The Orthobunyavirus genus (Peribunyaviridae) consists of >220 species classified into 18 serogroups based on serological relatedness, as determined by complement fixation, neutralization, and hemagglutination inhibition (Elliott 2014). Many are found in the Amazon region and isolated from mosquitos or non-human hosts although several can cause diseases in humans (Dias et al. 2022). Some of these orthobunyaviruses cause large (e.g. Oropouche; Vasconcelos et al. 2011; Files et al. 2022) and small (e.g. La Crosse; Bennett et al. 2007) outbreaks that can result in greater diversification, whereas other species in the genus consist of relatively few reported strains, suggesting that infections caused by these species result from sporadic spillover events (Grubaugh et al. 2019). The ability to discern a priori whether a novel virus represents an epidemic or pandemic threat could inform timely and appropriately targeted public health responses. Here, we report the discovery and phylogenetic characterization of a second strain of Bangui orthobunyavirus that demonstrates the potential role of time-resolved phylogenetics in making disease threat predictions.

Methods

Patients and sample collection

Specimens were collected as part of a human immunodeficiency virus (HIV) viral diversity study in 2017–9 as previously described (Pour et al. 2020; Berg et al. 2021b). The investigation protocol conformed to local regulations and was approved by the Université Protestante au Congo ethics committee in Kinshasa; ethics approval was received by memorandum dated May 2017 via #CEUPC-0027. Informed verbal consent in the Democratic Republic of the Congo (DRC) was obtained from all participants in either French or Lingala, and plasma samples were de-identified for analysis.

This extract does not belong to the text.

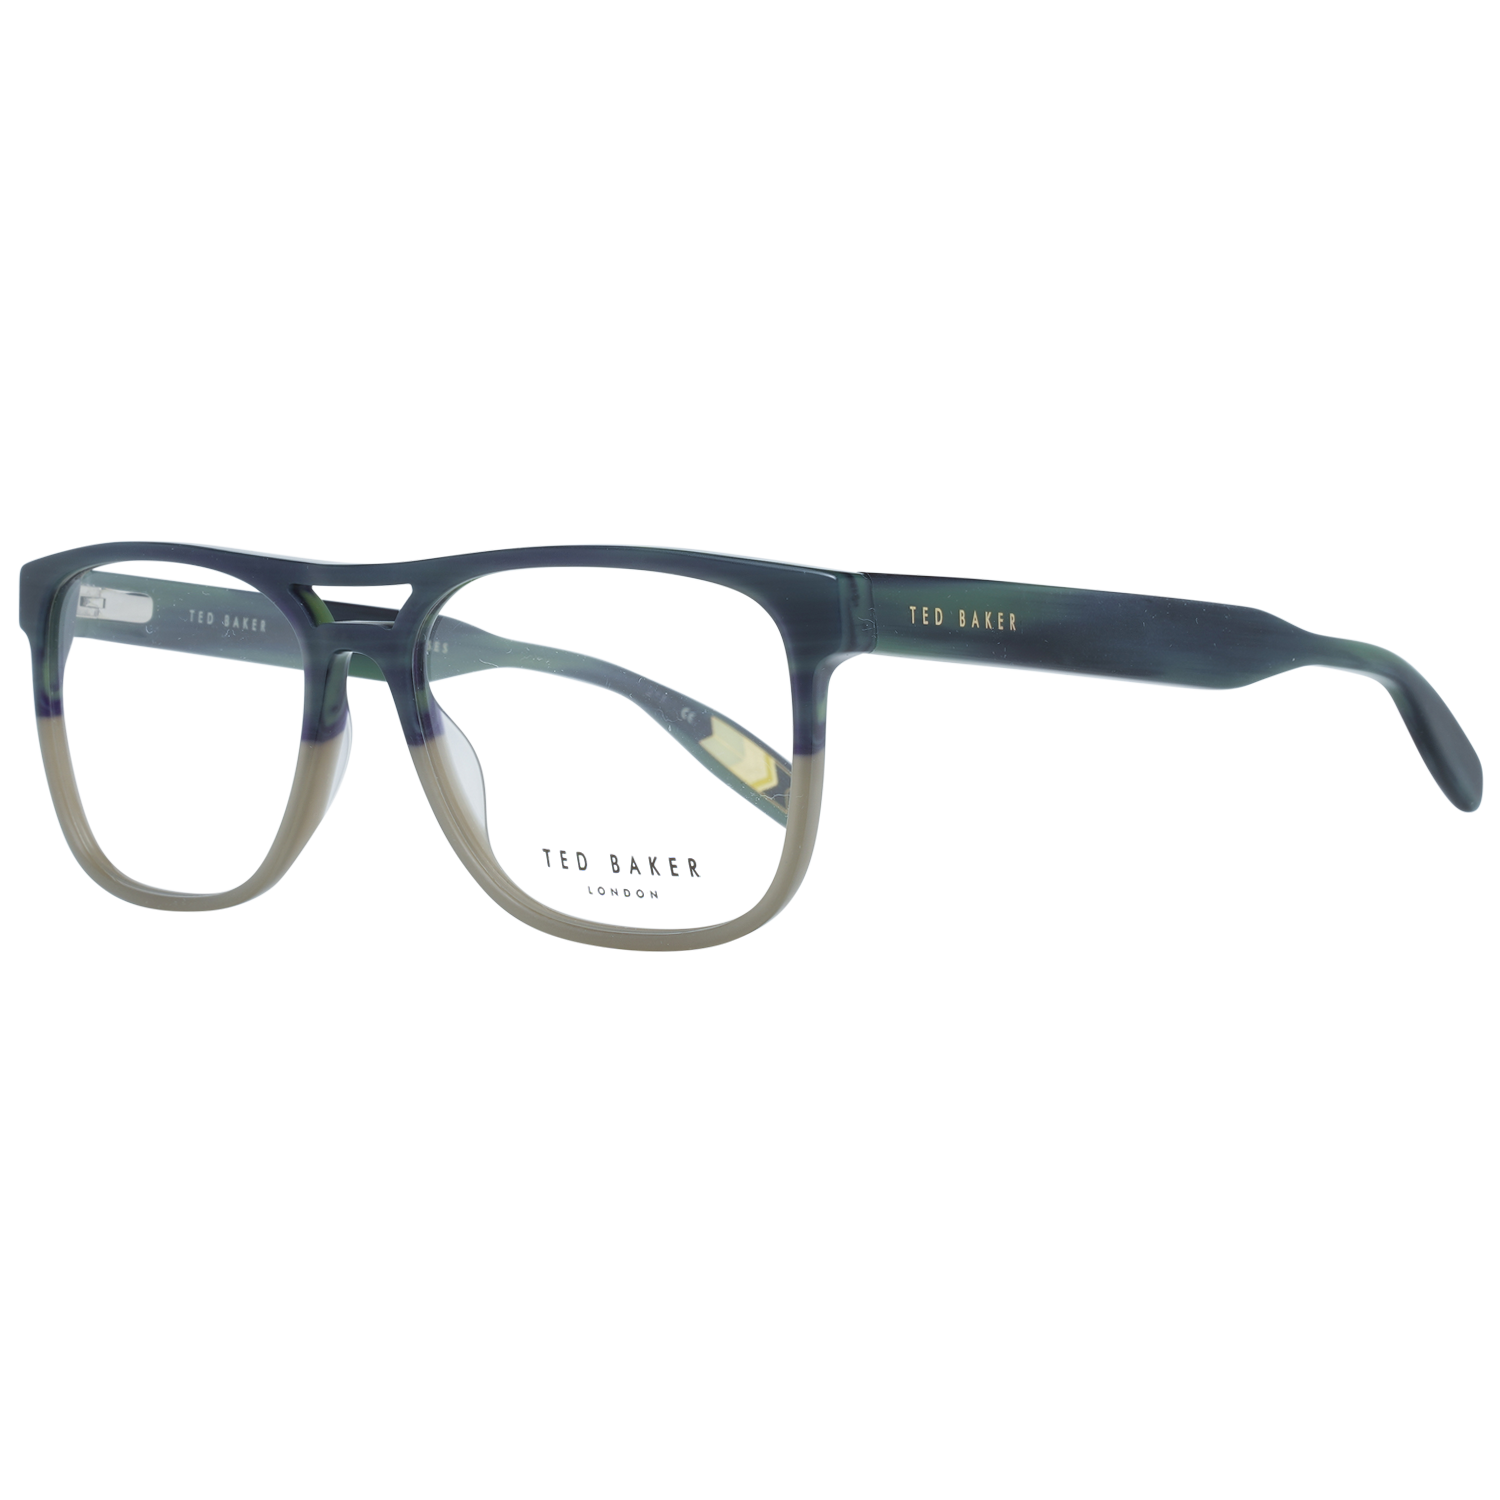 Ted Baker Frames Ted Baker Optical Frame TB8207 561 56 Holden Eyeglasses Eyewear UK USA Australia

The Institutional Review Board (IRB) approval from the University of Missouri-Kansas City Research Board for protocol 16-411 was approved on 18 October 2016. The IRB approval for metagenomic sequence analysis of coded samples was obtained from the University of California IRB (protocol 11-05519). Samples from Cameroon and Uganda screened by reverse transcriptase quantitative polymerase chain reaction (RT-qPCR) were described previously (Deng et al. 2020).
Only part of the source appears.